Returns: None (if there is nothing to write on this rank) or a tuple of:
  1. the function that saves the data.

  2. the function that stages the GPU tensors to a destination for async checkpointing. This function should be self-contained.

  3. arguments to that function in 1).

Return type:

Tuple[Callable | None, Callable | None, List]

static preload_tensors(write_buckets, non_blocking=True)[source]

Preloads tensors in state_dict to host memory via CPU memory.

Parameters:
  • write_buckets (List) – List of WriteBucket objects that define what to save in a checkpoint.

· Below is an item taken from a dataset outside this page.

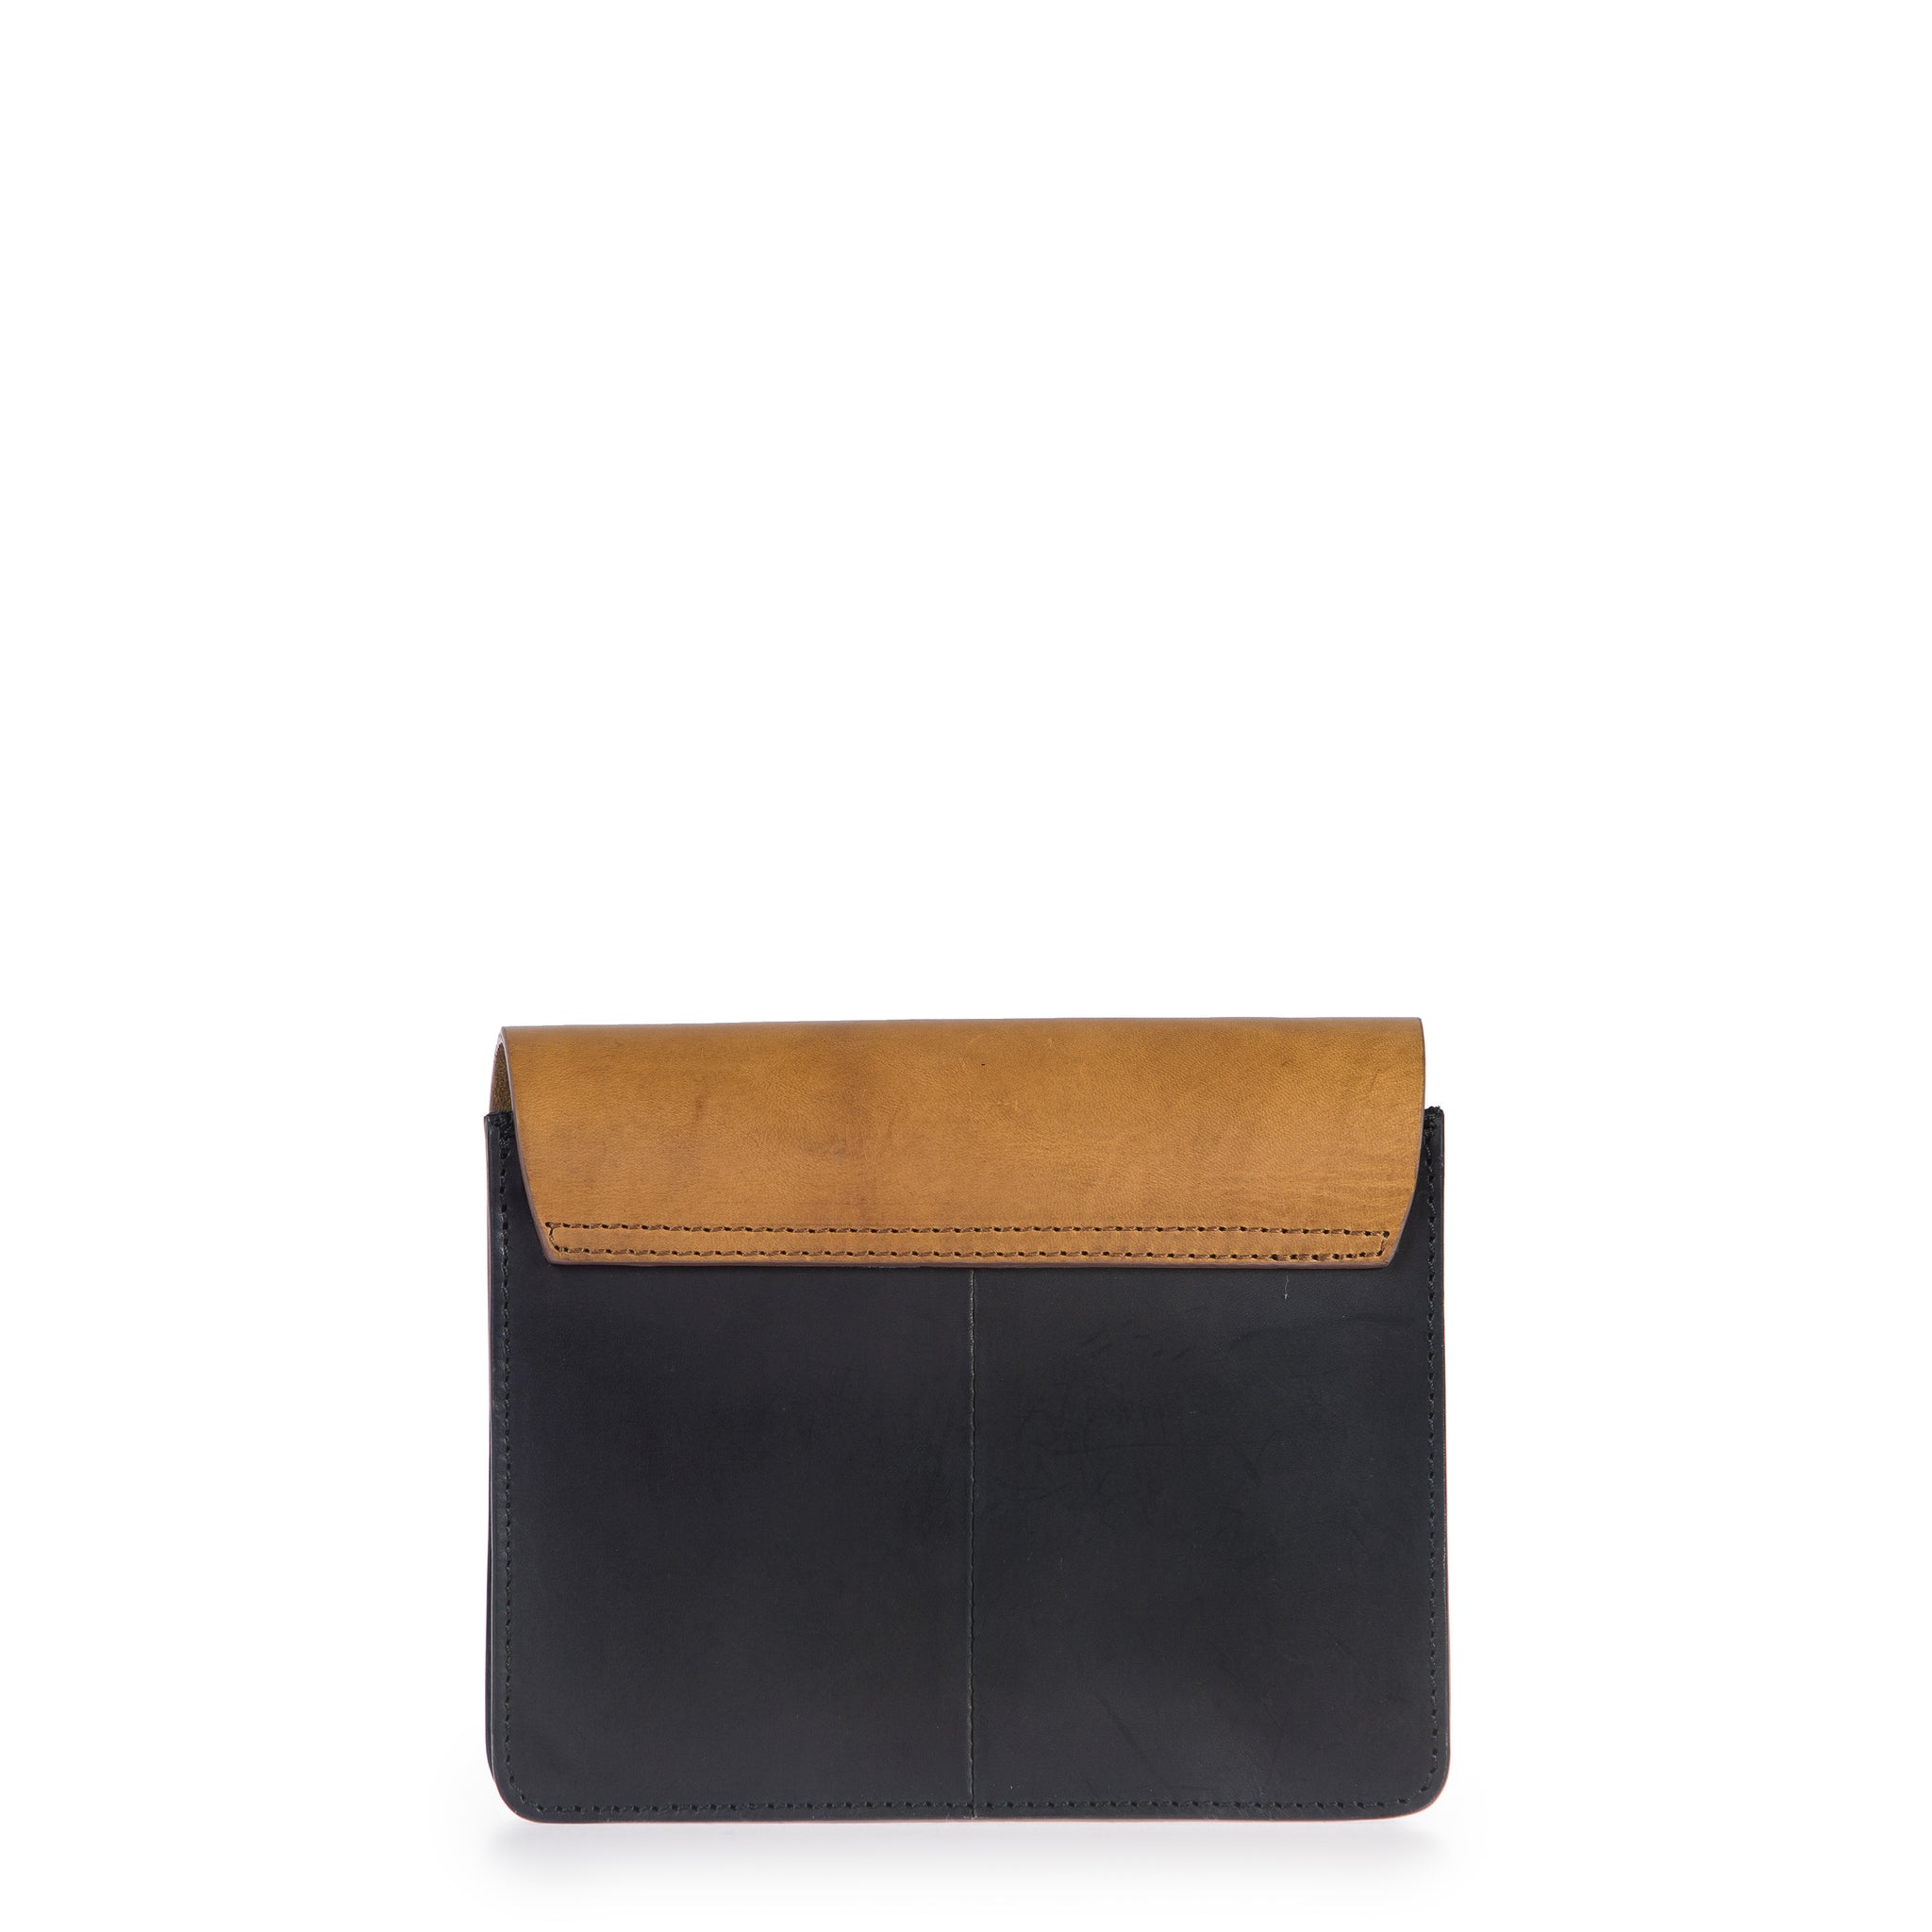 Audrey Mini Black/Cognac Classic Leather

  • non_blocking (bool, optional) – knob to enable pinned D2H memcpy. Default is True.

Return type:

List[Tuple[Path, str, Tuple[list, list]]]

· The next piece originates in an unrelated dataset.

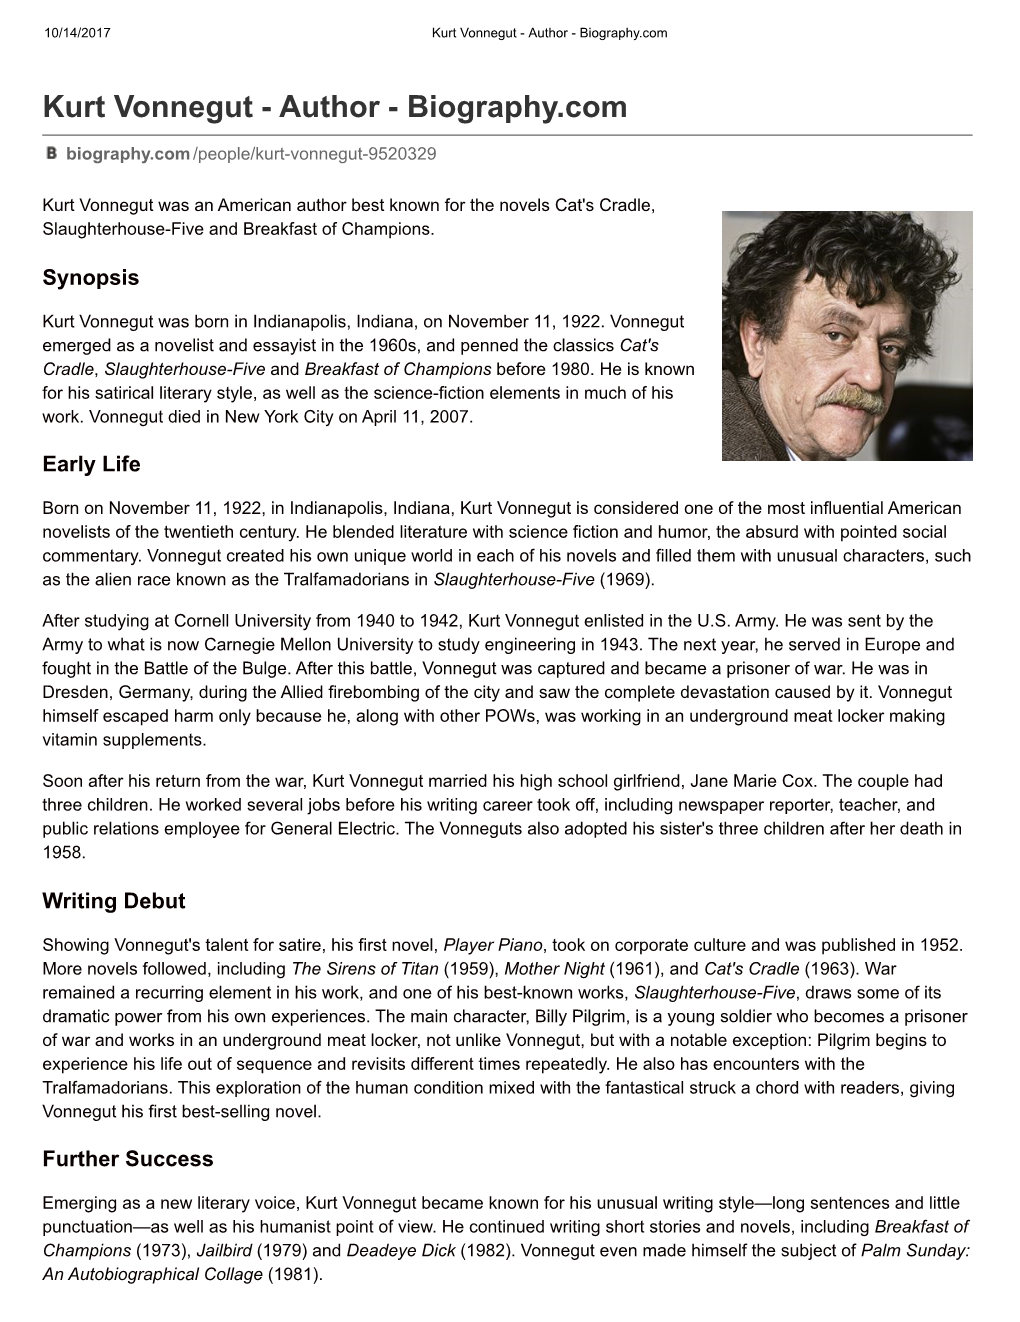 Kurt Vonnegut - Author - Biography.Com

prepare_decentralized_global_plan(local_plan)[source]

Instead of assigning indices by plan order, uses PyT rank (same outcome).

Parameters:

local_plan (SavePlan) – local plan to turn to a global plan (without interactions with other ranks)

Returns:

SavePlan - locally transformed plan equivalent to the plan that would be

created by the coordinator

Return type:

SavePlan

prepare_write_data(plan, planner)[source]

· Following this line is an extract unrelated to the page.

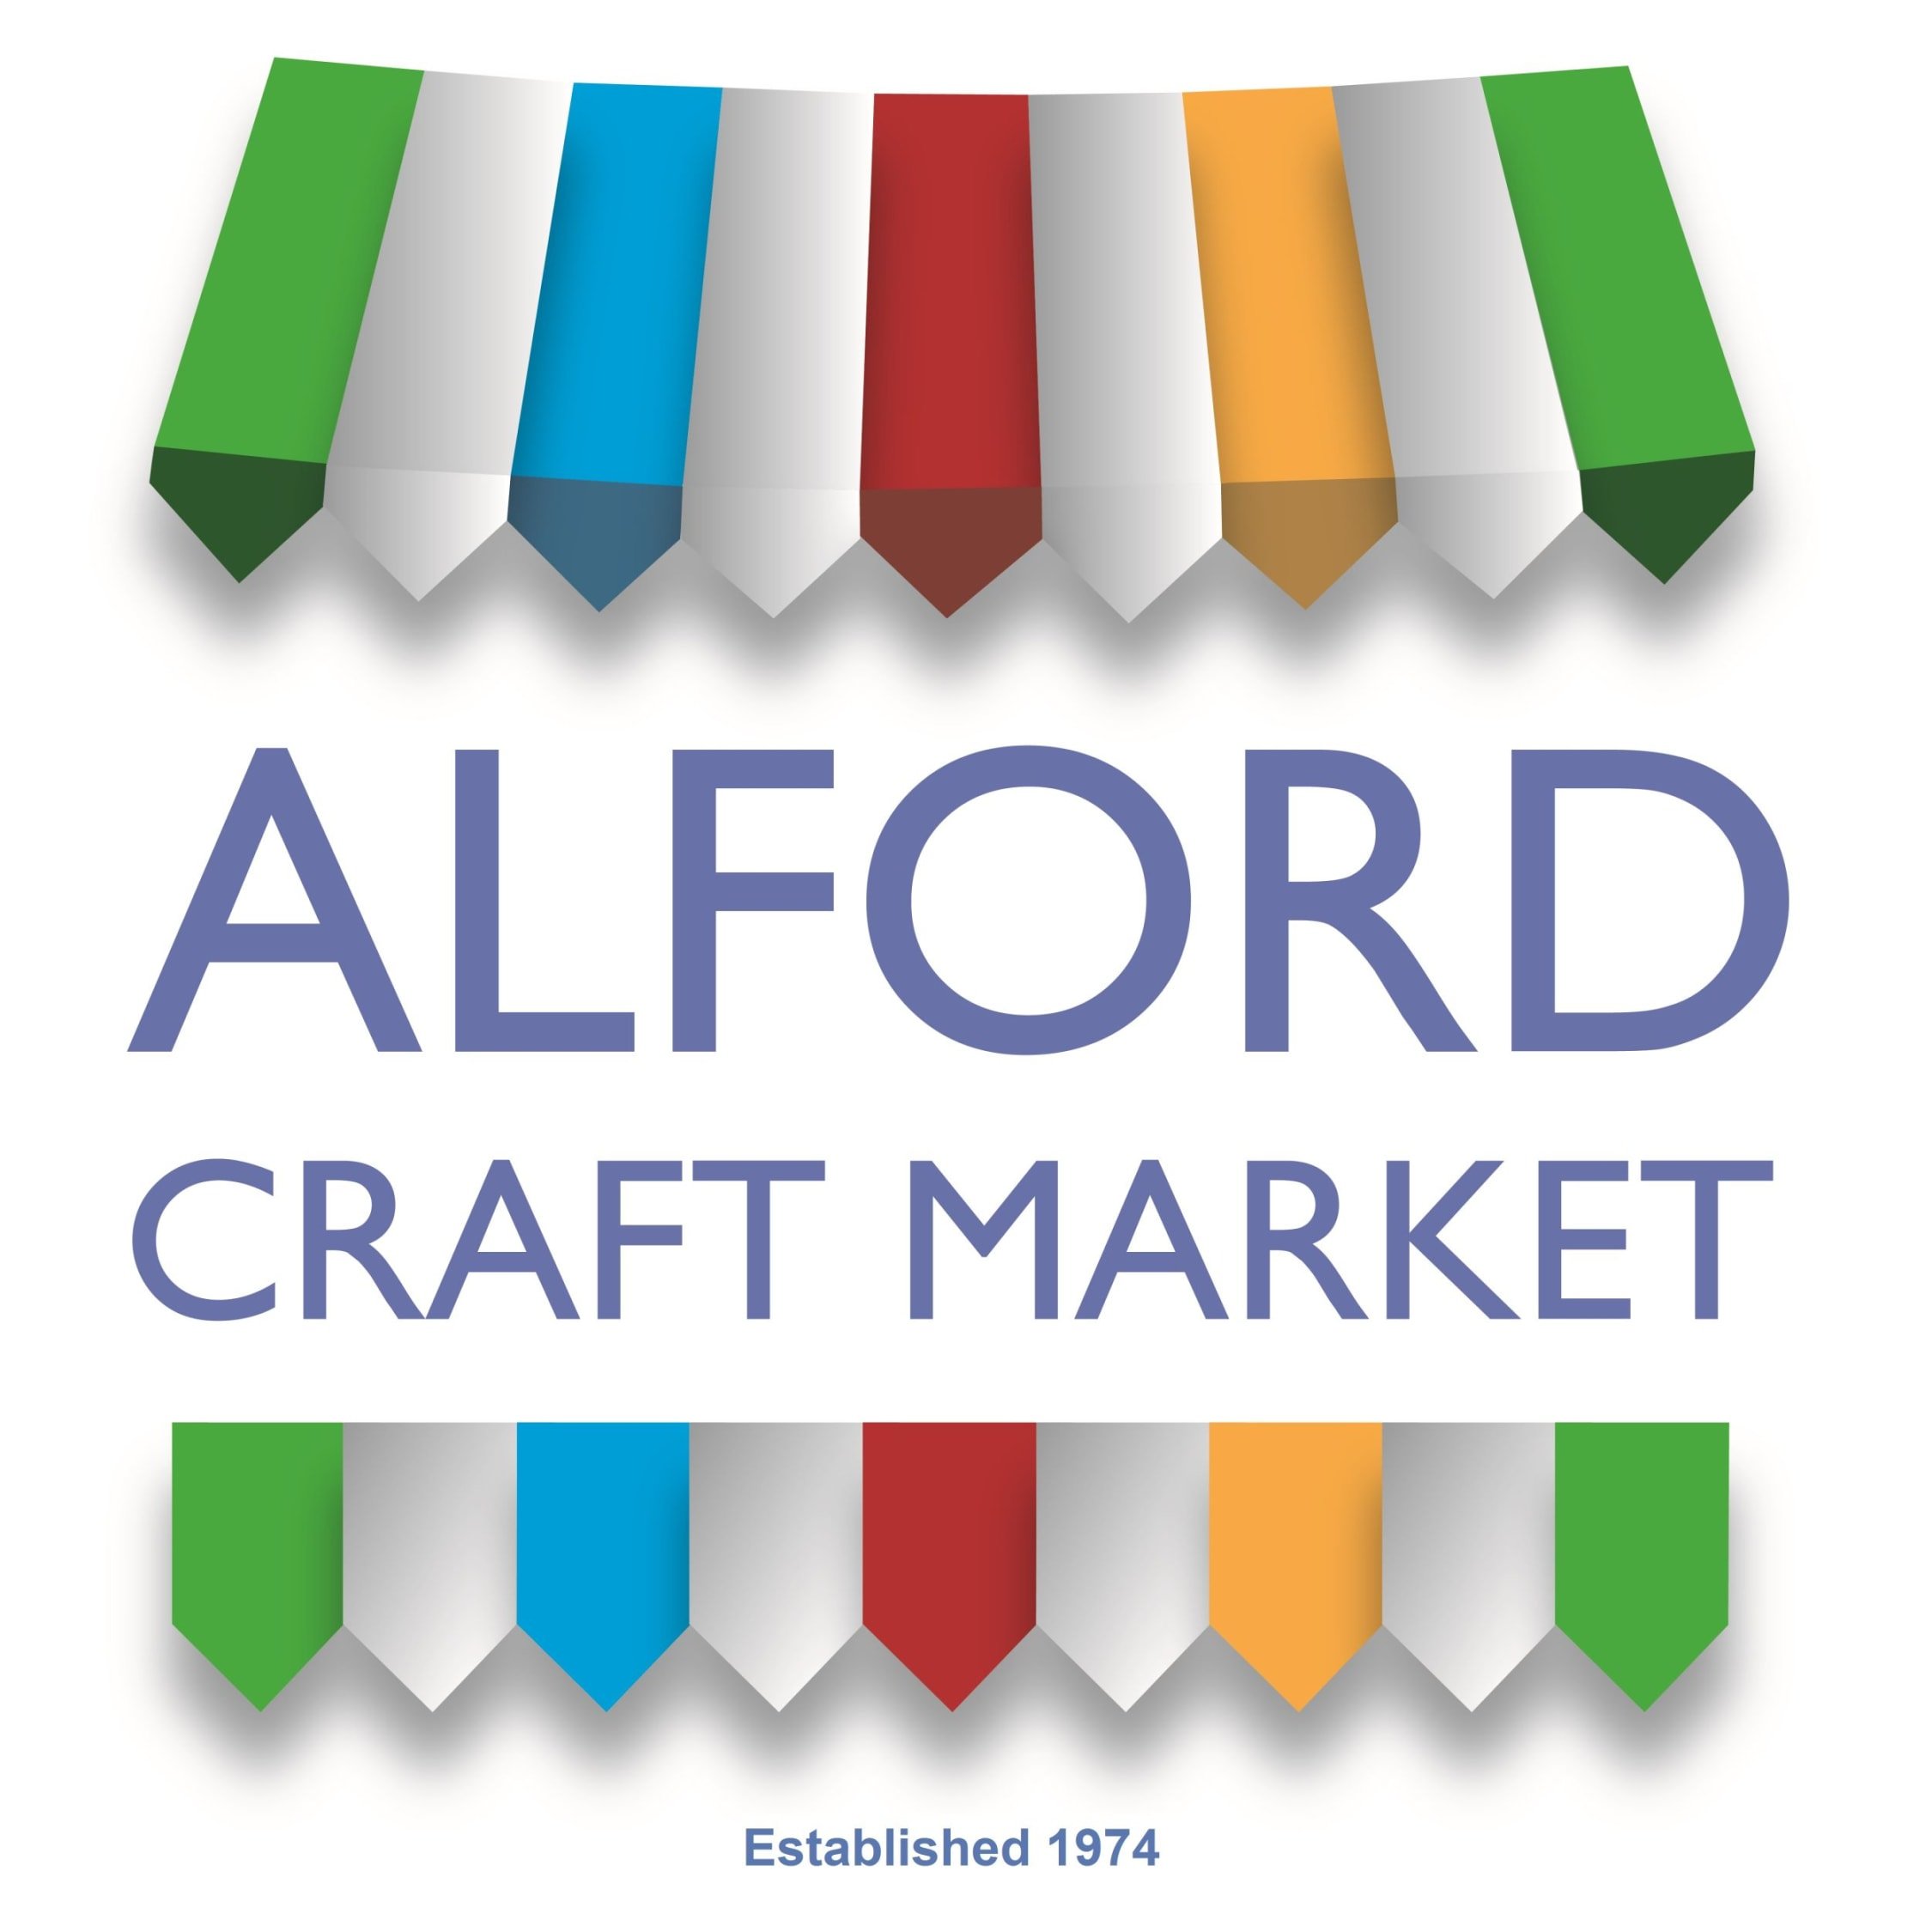 Alford Craft Market

First stage of async saving. Copy data to CPU and plan the local saving.

Parameters:
  • plan (SavePlan) – save plan generated by the PyT Distributed compatible planner

  • planner (SavePlanner) – save planner used to resolve the bytes and tensor data

Return type:

None

Returns: None, but stores the save plan in self.write_buckets

retrieve_write_results()[source]
Turn the latest dict including write results from self.results_queue

into a single results lists. Includes error check.

Returns (List[WriteResult]): the list of write results

from all local processes performing the save.

Return type:

List[WriteResult]

write_data(plan, planner)[source]

Write all items from plan.

Parameters:
Return type:

Future[List[WriteResult]]

static write_preloaded_data(transform_list, local_proc_idx, write_bucket, results_queue, count_queue, use_fsync)[source]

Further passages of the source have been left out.